The overall hypothesis of this proposal is that inducible nitric oxide synthase (iNOS) is elevated in cardiac myocytes during the development of insulin-deficient diabetes mellitus and the subsequent production of nitric oxide (NO) and cGMP suppress the response of the cardiac myocyte to beta-adrenergic stimulation. The specific aims to address this hypothesis are as follows: (A) To determine if NO production in the diabetic cardiac myocyte modulates the beta-adrenergic stimulation of contraction. It is hypothesized that the production of NO by iNOS decreases the beta-adrenergic stimulation of contraction in diabetic cardiac myocytes. Moreover, it is hypothesized that inhibition of iNOS will enhance beta-adrenergic stimulation of contraction in diabetic cardiac myocytes. (B) To determine if NO production in the diabetic cardiac myocyte modulates the beta-adrenergic stimulation of calcium current. It is hypothesized that production of NO by iNOS decreases the beta-adrenergic stimulation of calcium current (ICa) in the diabetic cardiac myocyte and that inhibition of iNOS will enhance B-adrenergic stimulation of ICa. (C) To determine if cGMP production mediates the suppression of beta-adrenergic-stimulated calcium current and contraction in the diabetic cardiac myocyte. It is hypothesized that increased production of cGMP in the diabetic cardiac myocyte suppresses Beta- adrenergic stimulation of ICa and contraction. It is further hypothesized that an increased production of NO by iNOS results in an increased production of cGMP in the cardiac myocyte. Therefore, inhibition of cGMP production will enhance the beta-adrenergic stimulation of both ICa and contraction in diabetic cardiac myocyte. Diabetes will be induced by intravenous streptozotocin injection (60 mg/Kg). Isolated cardiac myocytes will be used to measure nitric oxide, cGMP and cAMP production. These parameters will be correlated with measurements of cardiac myocyte contraction and calcium currents using whole cell voltage clamp techniques. Measurements will be determined under basal conditions, in response to isoproterenol, and in the presence of selective nitric oxide synthase inhibitors.

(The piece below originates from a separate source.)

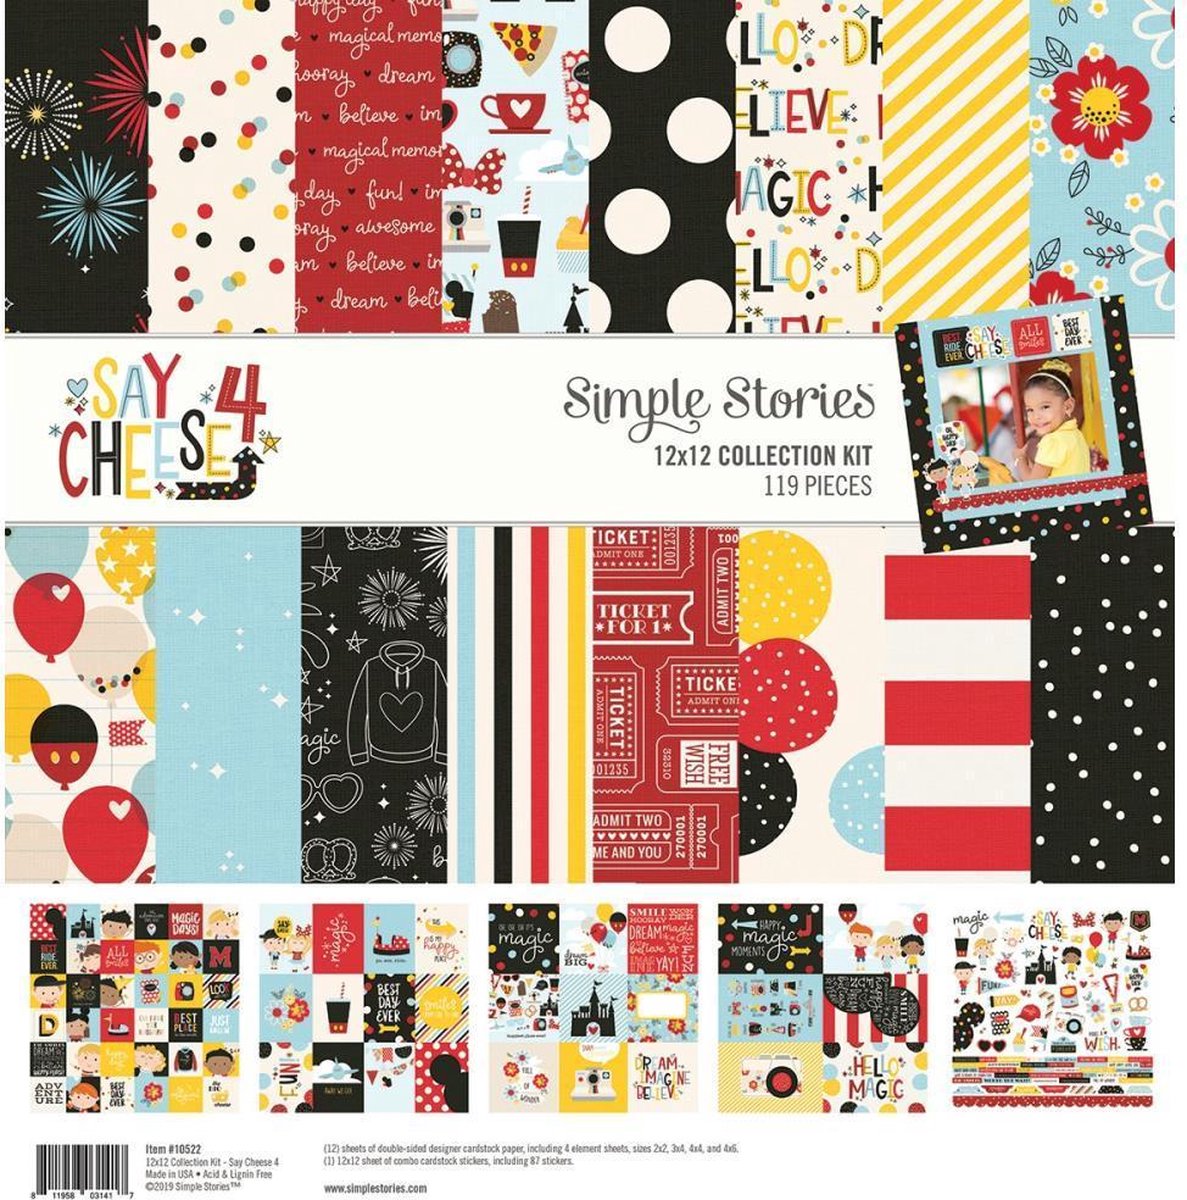 Simple Stories: Say Cheese 4 Collection Kit 12

这项提议的总体假设是，诱导型一氧化氮在发育过程中，心肌细胞中的诱导型一氧化氮合酶（iNOS）水平升高，胰岛素缺乏型糖尿病和随后产生的一氧化氮（NO）和环鸟苷酸（cGMP）抑制心肌细胞的反应 β肾上腺素能刺激。解决这一问题的具体目标假设如下：（A）为了确定是否在糖尿病心肌细胞调节β-肾上腺素能刺激收缩。据推测，通过iNOS产生的NO 降低糖尿病患者β-肾上腺素能收缩刺激心肌细胞此外，据推测，抑制iNOS 将增强β-肾上腺素能刺激收缩糖尿病心肌细胞 (B)为了确定糖尿病患者体内NO的产生，心肌细胞调节β-肾上腺素能刺激钙电流据推测，iNOS产生的NO降低了细胞内的NO水平。 β-肾上腺素能刺激钙电流（伊卡）在糖尿病抑制iNOS可增强B-肾上腺素能刺激伊卡。 (C)为了确定cGMP的产生是否介导了抑制β-肾上腺素能刺激的钙电流和收缩在糖尿病心肌细胞中。据推测，糖尿病心肌细胞中cGMP的产生抑制β- 肾上腺素能刺激伊卡和收缩。进一步假设iNOS产生的NO增加导致增加心肌细胞中cGMP的产生。因此，我们认为， cGMP产生的抑制将增强β-肾上腺素能糖尿病心肌细胞伊卡和收缩刺激。糖尿病将通过静脉注射链脲佐菌素诱发（60 mg/Kg）。分离的心肌细胞将用于测量一氧化氮， cGMP和cAMP产生。这些参数将与心肌细胞收缩和钙电流的测量，全电池电压箝位技术。将确定测量值在基础条件下，在异丙肾上腺素的作用下，选择性一氧化氮合酶抑制剂。